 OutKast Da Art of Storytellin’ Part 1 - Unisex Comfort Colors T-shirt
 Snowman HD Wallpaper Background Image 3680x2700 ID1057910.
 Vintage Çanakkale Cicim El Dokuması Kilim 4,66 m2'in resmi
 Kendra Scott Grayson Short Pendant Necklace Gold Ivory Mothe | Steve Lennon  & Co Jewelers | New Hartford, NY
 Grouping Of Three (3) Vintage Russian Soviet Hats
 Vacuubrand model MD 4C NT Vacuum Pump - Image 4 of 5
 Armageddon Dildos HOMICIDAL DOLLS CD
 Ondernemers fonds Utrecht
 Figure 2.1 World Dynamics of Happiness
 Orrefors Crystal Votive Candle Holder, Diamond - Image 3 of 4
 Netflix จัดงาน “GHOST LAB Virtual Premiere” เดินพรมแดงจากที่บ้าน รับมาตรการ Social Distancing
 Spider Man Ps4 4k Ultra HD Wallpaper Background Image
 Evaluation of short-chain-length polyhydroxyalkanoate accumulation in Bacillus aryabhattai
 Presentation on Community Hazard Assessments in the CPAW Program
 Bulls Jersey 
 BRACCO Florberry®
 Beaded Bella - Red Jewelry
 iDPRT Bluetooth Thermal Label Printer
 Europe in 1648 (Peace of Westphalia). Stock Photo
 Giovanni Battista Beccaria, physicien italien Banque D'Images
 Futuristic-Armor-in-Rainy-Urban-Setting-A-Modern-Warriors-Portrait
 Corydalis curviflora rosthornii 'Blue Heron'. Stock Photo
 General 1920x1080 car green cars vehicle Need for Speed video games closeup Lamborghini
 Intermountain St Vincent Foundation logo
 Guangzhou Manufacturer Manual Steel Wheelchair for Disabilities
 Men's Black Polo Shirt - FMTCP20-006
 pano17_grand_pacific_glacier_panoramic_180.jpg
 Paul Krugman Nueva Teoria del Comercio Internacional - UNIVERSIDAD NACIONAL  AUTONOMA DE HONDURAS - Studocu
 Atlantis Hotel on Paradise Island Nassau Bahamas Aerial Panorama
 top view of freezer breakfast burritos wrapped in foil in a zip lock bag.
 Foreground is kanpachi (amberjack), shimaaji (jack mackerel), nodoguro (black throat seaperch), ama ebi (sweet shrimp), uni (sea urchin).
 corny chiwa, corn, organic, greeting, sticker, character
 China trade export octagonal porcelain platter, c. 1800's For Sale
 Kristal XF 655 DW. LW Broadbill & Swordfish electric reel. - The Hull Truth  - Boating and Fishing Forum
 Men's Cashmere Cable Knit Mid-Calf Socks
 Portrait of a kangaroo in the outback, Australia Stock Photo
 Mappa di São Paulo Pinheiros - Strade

_Work instruction:_ Lines that contain the string "Portrait" should be copied from the material above.

_Result for this exercise:_
 Futuristic-Armor-in-Rainy-Urban-Setting-A-Modern-Warriors-Portrait
 Portrait of a kangaroo in the outback, Australia Stock Photo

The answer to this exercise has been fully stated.